31. Entire Agreement

This Agreement, in addition to those agreements described in Section 1(a), 1(b), and 1(c), constitutes the entire agreement between Reseller and Mezine with respect to the subject matter of this Agreement and cancels and supersedes any prior understandings and agreements between the parties hereto with respect thereto. There are no representations, warranties, terms, conditions, undertakings, or collateral agreements, express, implied, or statutory, between Reseller and Mezine other than as expressly set forth in this Agreement and the agreements incorporated in Section 1(a), 1(b), and 1(c). Reseller represents and warrants that it has not been induced to enter into this Agreement by any other statement, representation or warranty not contained in this Agreement. The headings in this Agreement are for convenience of reference only and do not affect the construction or interpretation of this Agreement.

32. Severability

To the extent that any provision of this Agreement is declared by a court or other lawful authority of competent jurisdiction to be invalid, illegal, or unenforceable, such provision shall be severed and deleted or limited so as to give effect to the intent of the parties insofar as possible and the remainder of this Agreement shall continue in full force and effect with respect to all other provisions.

33. Waiver

No waiver of any rights, obligations, or defaults shall be effective unless in writing and signed by the party against whom the same is sought to be enforced.
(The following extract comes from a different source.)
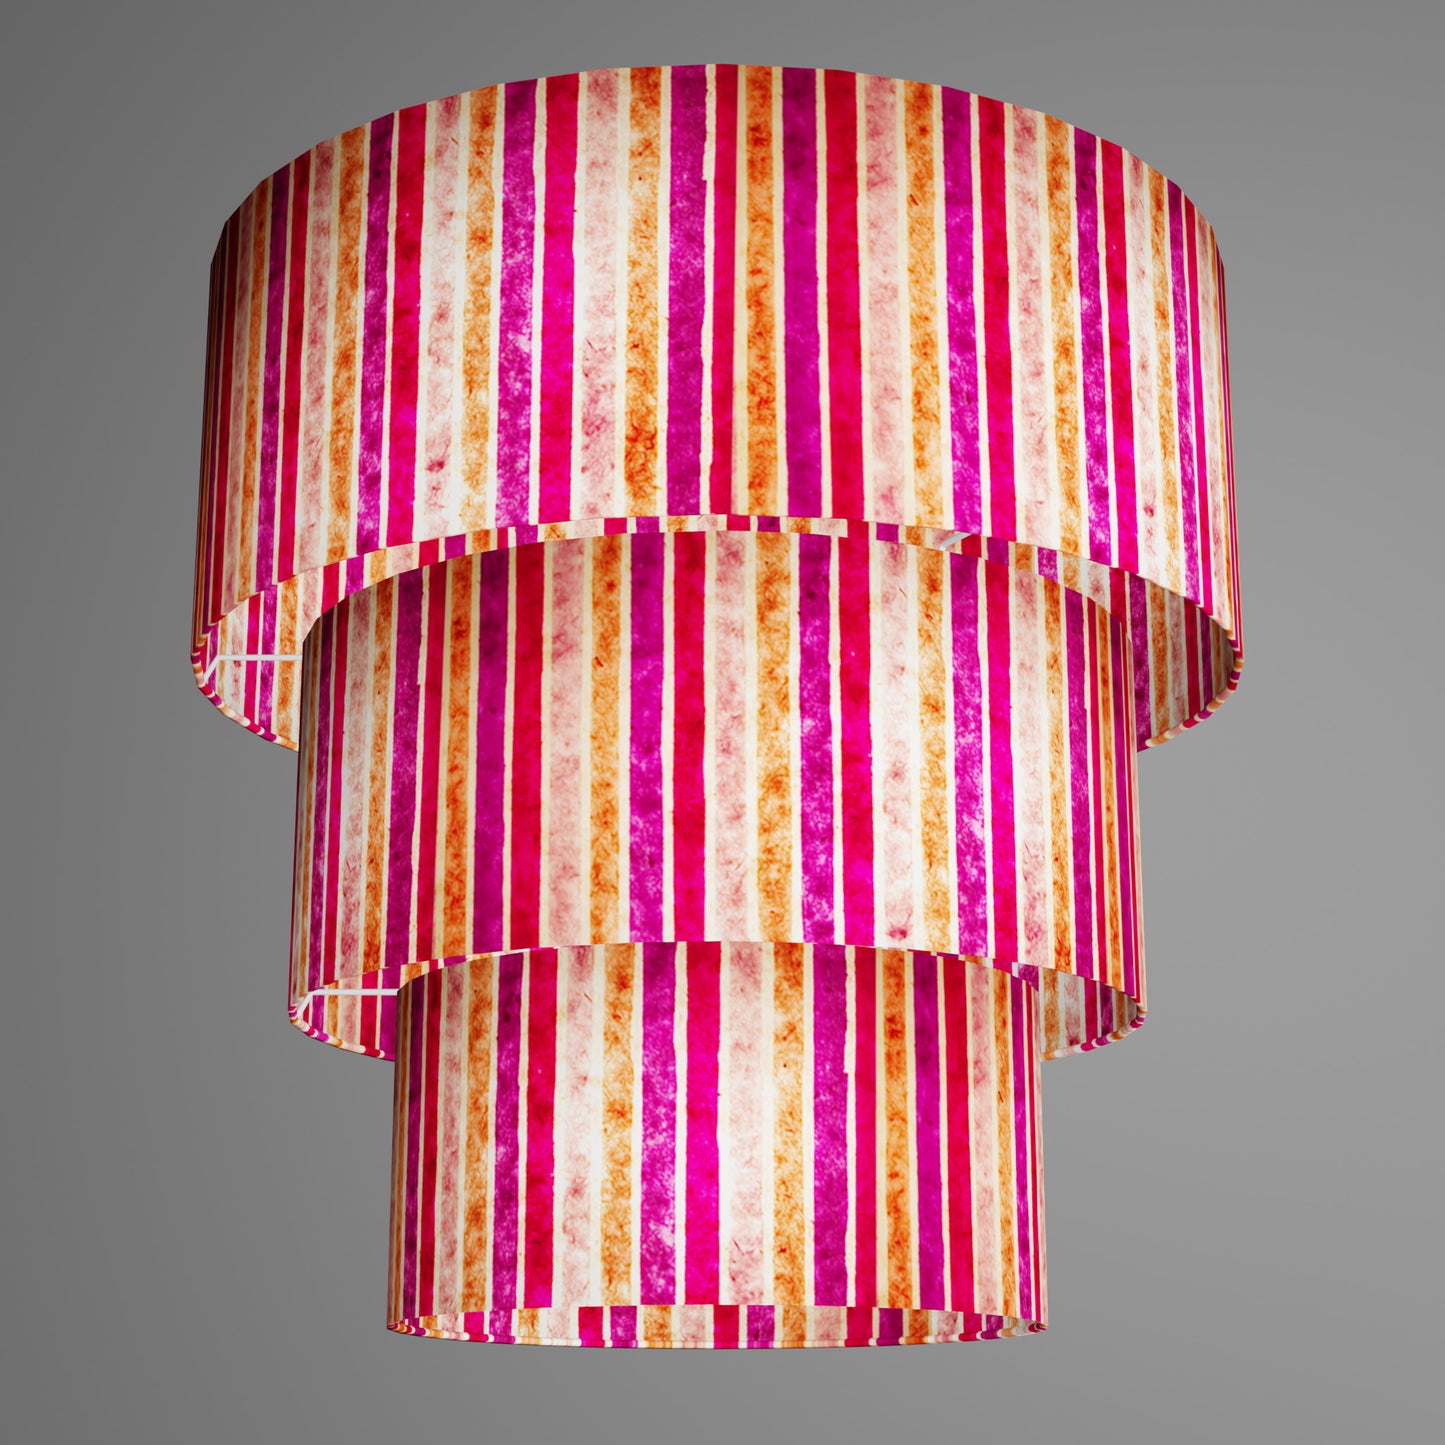 3 Tier Lamp Shade - P04 - Batik Stripes Pink, 50cm x 20cm, 40cm x 17.5cm & 30cm x 15cm

One or more waivers of any right, obligation, or default shall be limited to the specific right, obligation, or default waived and shall not be construed as a waiver of any subsequent right, obligation, or default. No delay or failure of Mezine in exercising any right hereunder and no partial or single exercise thereof shall be deemed of itself to constitute a waiver of such right or any other rights hereunder.

34. Amendment

No amendment or modification to this Agreement shall be effective unless in writing and signed by the duly authorized representatives of the parties.

35. Notice

Any notice or other communication required to be given or made shall be in writing and considered to be given or made if sent by prepaid first class mail or fax to the addresses set forth herein or at such other address as either party may designate to the other by notice as required hereby.